→ Exercise data
____

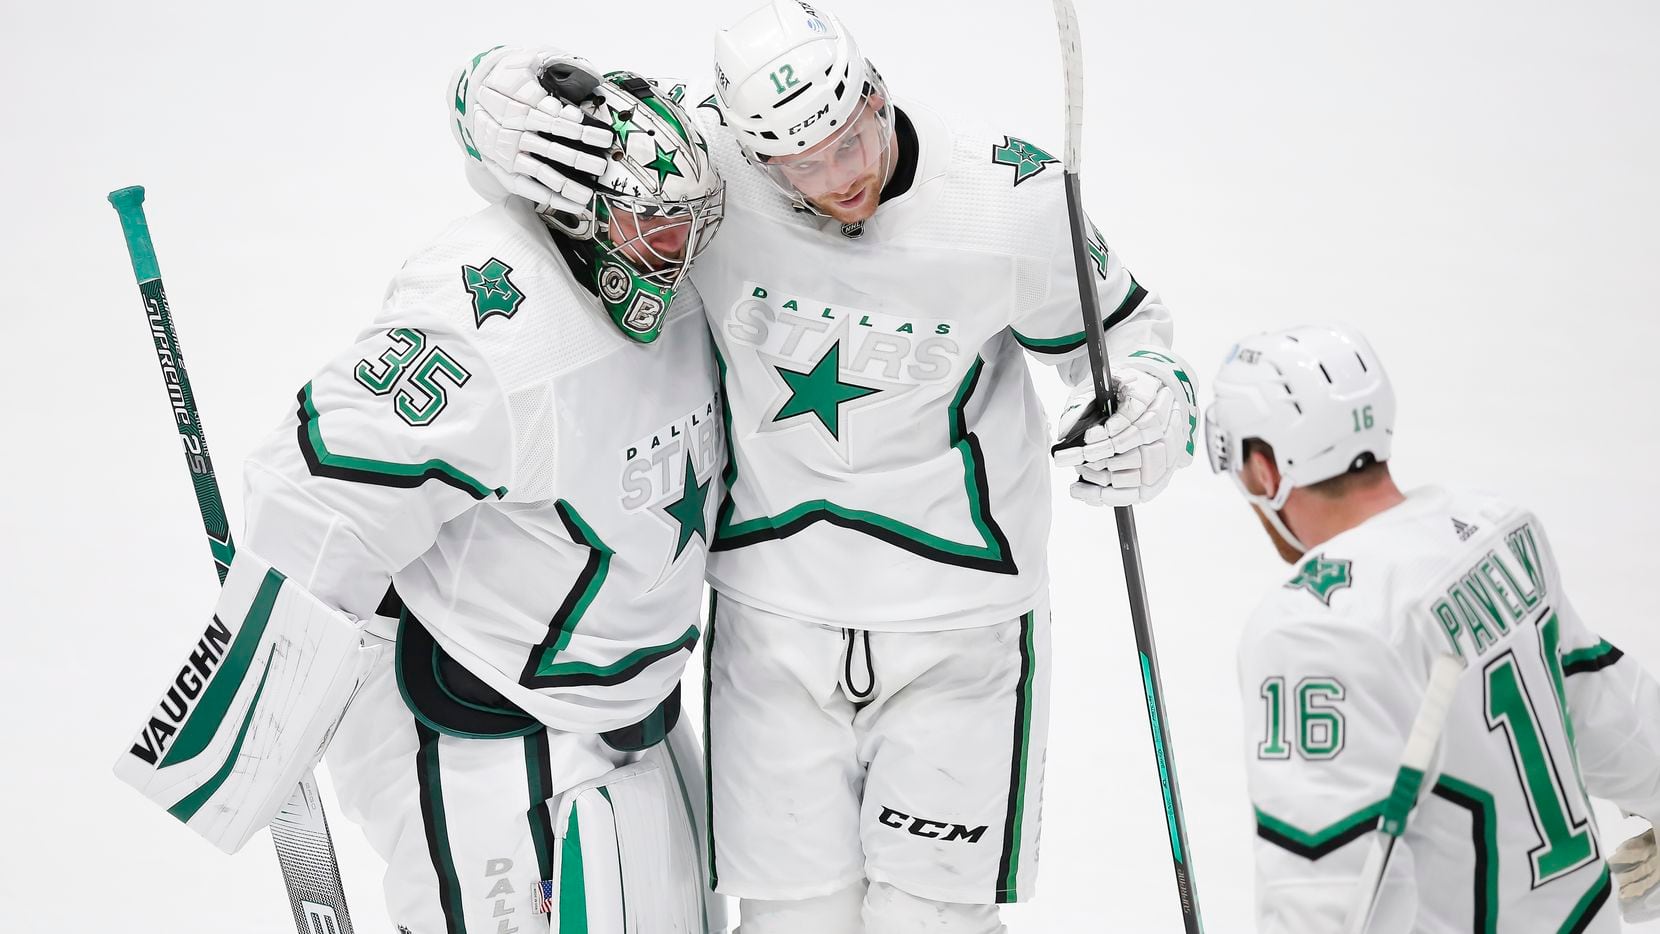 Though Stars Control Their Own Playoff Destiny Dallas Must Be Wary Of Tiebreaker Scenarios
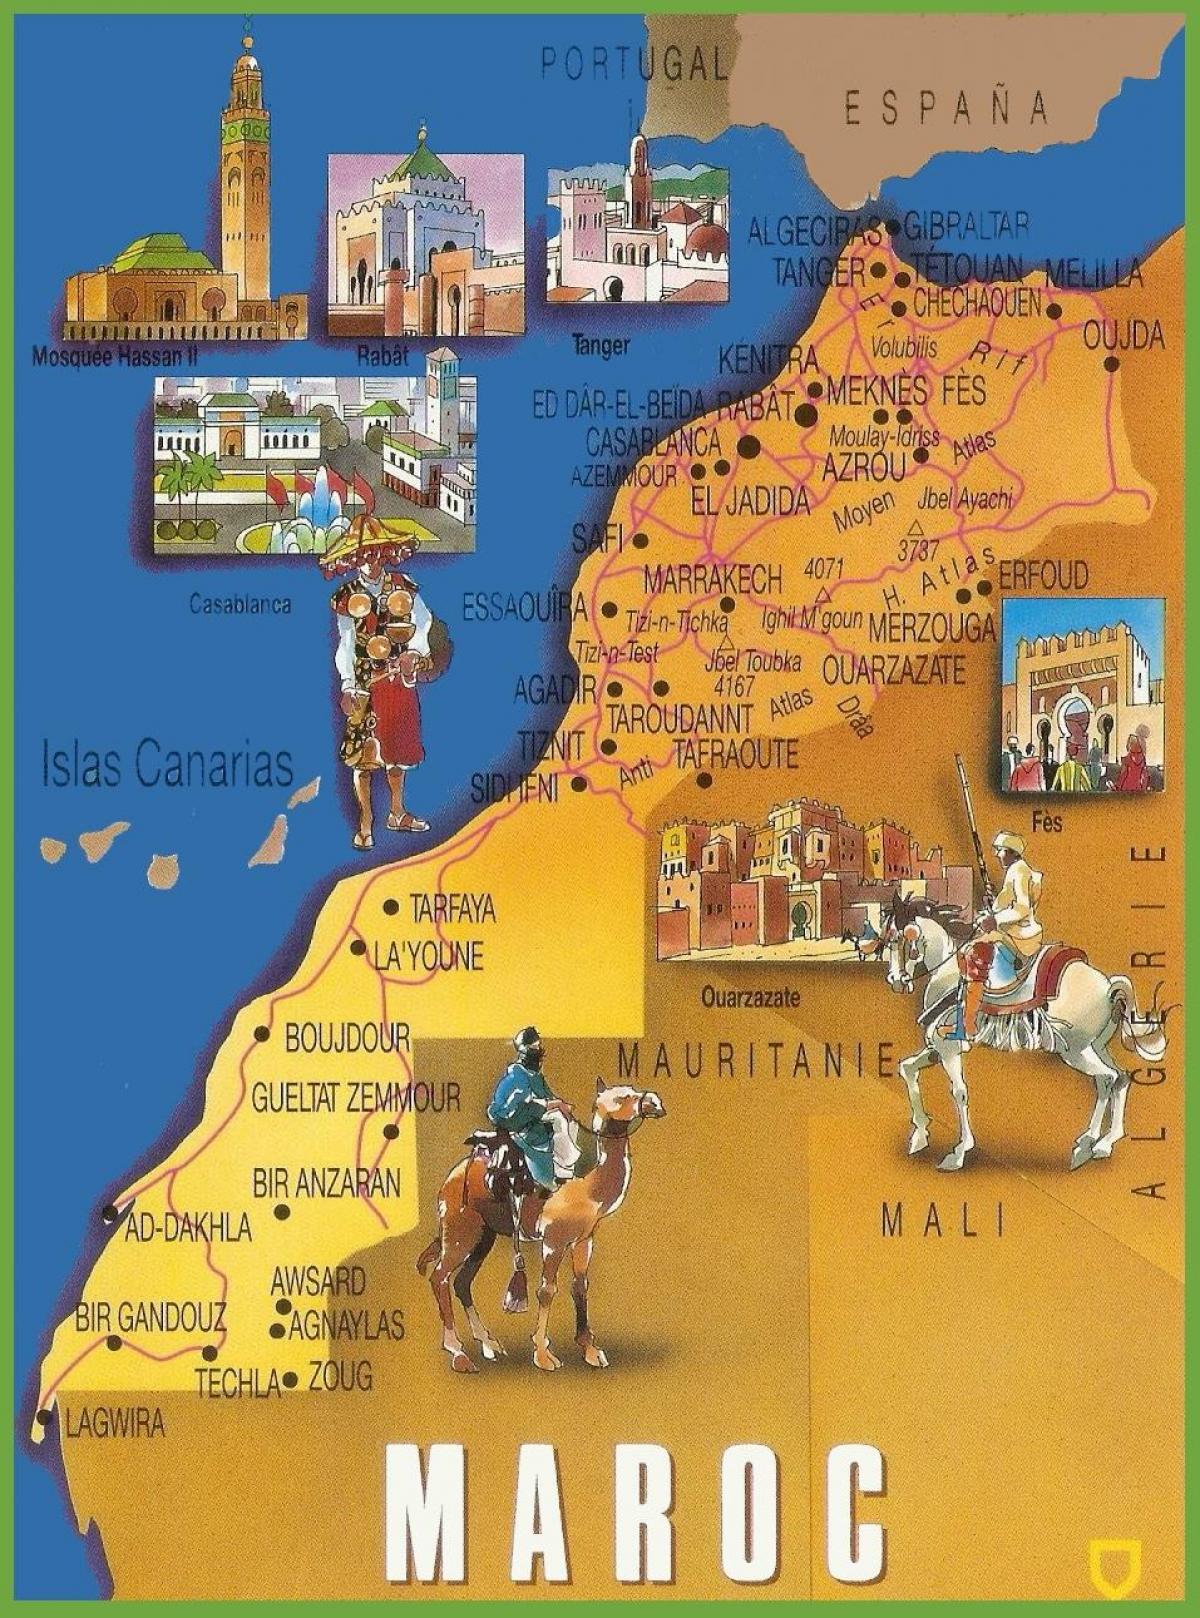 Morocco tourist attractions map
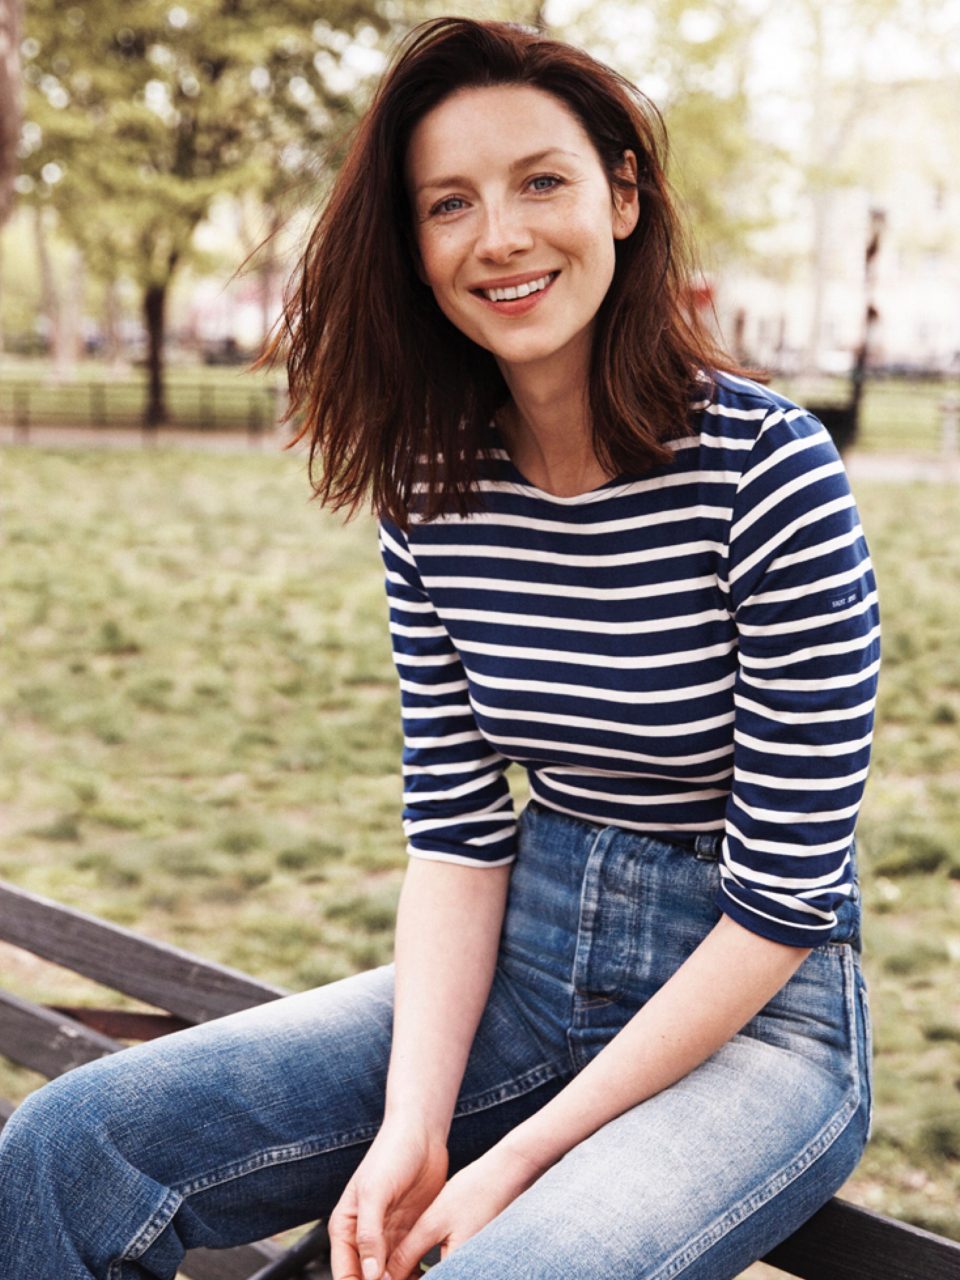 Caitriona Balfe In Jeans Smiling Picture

____

→ Activity
Counting both ends, reproduce word for word the lines from the line with "Morocco tourist attractions map" to the final line of the listing above, skipping every picture.

→ Task response
 Morocco tourist attractions map
 Caitriona Balfe In Jeans Smiling Picture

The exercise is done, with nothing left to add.